◆ **Directions for this task**:
All records need to be reproduced exactly. Keep every word as it is.

Dataset excerpts:
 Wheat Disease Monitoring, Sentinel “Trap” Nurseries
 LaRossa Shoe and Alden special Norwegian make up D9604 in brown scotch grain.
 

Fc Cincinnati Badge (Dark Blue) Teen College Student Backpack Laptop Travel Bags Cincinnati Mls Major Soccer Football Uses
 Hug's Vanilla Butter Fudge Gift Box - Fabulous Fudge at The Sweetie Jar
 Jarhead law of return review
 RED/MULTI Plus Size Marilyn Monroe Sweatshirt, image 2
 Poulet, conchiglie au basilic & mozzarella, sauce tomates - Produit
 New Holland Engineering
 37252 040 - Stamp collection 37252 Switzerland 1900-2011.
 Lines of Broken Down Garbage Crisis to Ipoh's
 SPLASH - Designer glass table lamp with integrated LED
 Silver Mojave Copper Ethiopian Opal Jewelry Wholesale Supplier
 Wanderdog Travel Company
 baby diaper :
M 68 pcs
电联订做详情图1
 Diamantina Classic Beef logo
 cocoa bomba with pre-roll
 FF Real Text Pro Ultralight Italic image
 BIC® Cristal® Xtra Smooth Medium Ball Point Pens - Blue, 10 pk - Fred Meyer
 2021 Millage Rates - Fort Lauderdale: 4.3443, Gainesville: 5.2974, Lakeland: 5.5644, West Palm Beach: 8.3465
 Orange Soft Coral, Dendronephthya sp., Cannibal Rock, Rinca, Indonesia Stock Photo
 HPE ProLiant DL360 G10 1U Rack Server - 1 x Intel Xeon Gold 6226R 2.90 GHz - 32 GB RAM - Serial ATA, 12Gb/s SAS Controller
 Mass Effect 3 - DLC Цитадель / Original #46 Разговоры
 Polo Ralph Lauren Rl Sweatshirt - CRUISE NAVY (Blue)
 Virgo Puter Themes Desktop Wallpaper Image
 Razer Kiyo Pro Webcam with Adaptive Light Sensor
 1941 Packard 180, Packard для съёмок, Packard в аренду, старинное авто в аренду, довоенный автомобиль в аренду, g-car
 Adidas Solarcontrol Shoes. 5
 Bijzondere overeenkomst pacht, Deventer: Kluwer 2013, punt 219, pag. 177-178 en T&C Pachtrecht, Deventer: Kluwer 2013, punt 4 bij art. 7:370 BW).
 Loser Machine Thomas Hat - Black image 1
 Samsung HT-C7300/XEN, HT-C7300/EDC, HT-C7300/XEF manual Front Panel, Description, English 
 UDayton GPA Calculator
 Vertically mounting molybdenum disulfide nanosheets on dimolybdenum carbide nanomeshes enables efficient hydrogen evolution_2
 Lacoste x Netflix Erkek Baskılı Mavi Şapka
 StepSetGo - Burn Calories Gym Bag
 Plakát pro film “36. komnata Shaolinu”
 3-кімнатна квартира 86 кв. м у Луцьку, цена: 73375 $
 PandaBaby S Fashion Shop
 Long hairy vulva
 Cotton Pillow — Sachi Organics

◆ **Result of the task**:
 Wheat Disease Monitoring, Sentinel “Trap” Nurseries
 LaRossa Shoe and Alden special Norwegian make up D9604 in brown scotch grain.
 

Fc Cincinnati Badge (Dark Blue) Teen College Student Backpack Laptop Travel Bags Cincinnati Mls Major Soccer Football Uses
 Hug's Vanilla Butter Fudge Gift Box - Fabulous Fudge at The Sweetie Jar
 Jarhead law of return review
 RED/MULTI Plus Size Marilyn Monroe Sweatshirt, image 2
 Poulet, conchiglie au basilic & mozzarella, sauce tomates - Produit
 New Holland Engineering
 37252 040 - Stamp collection 37252 Switzerland 1900-2011.
 Lines of Broken Down Garbage Crisis to Ipoh's
 SPLASH - Designer glass table lamp with integrated LED
 Silver Mojave Copper Ethiopian Opal Jewelry Wholesale Supplier
 Wanderdog Travel Company
 baby diaper :
M 68 pcs
电联订做详情图1
 Diamantina Classic Beef logo
 cocoa bomba with pre-roll
 FF Real Text Pro Ultralight Italic image
 BIC® Cristal® Xtra Smooth Medium Ball Point Pens - Blue, 10 pk - Fred Meyer
 2021 Millage Rates - Fort Lauderdale: 4.3443, Gainesville: 5.2974, Lakeland: 5.5644, West Palm Beach: 8.3465
 Orange Soft Coral, Dendronephthya sp., Cannibal Rock, Rinca, Indonesia Stock Photo
 HPE ProLiant DL360 G10 1U Rack Server - 1 x Intel Xeon Gold 6226R 2.90 GHz - 32 GB RAM - Serial ATA, 12Gb/s SAS Controller
 Mass Effect 3 - DLC Цитадель / Original #46 Разговоры
 Polo Ralph Lauren Rl Sweatshirt - CRUISE NAVY (Blue)
 Virgo Puter Themes Desktop Wallpaper Image
 Razer Kiyo Pro Webcam with Adaptive Light Sensor
 1941 Packard 180, Packard для съёмок, Packard в аренду, старинное авто в аренду, довоенный автомобиль в аренду, g-car
 Adidas Solarcontrol Shoes. 5
 Bijzondere overeenkomst pacht, Deventer: Kluwer 2013, punt 219, pag. 177-178 en T&C Pachtrecht, Deventer: Kluwer 2013, punt 4 bij art. 7:370 BW).
 Loser Machine Thomas Hat - Black image 1
 Samsung HT-C7300/XEN, HT-C7300/EDC, HT-C7300/XEF manual Front Panel, Description, English 
 UDayton GPA Calculator
 Vertically mounting molybdenum disulfide nanosheets on dimolybdenum carbide nanomeshes enables efficient hydrogen evolution_2
 Lacoste x Netflix Erkek Baskılı Mavi Şapka
 StepSetGo - Burn Calories Gym Bag
 Plakát pro film “36. komnata Shaolinu”
 3-кімнатна квартира 86 кв. м у Луцьку, цена: 73375 $
 PandaBaby S Fashion Shop
 Long hairy vulva
 Cotton Pillow — Sachi Organics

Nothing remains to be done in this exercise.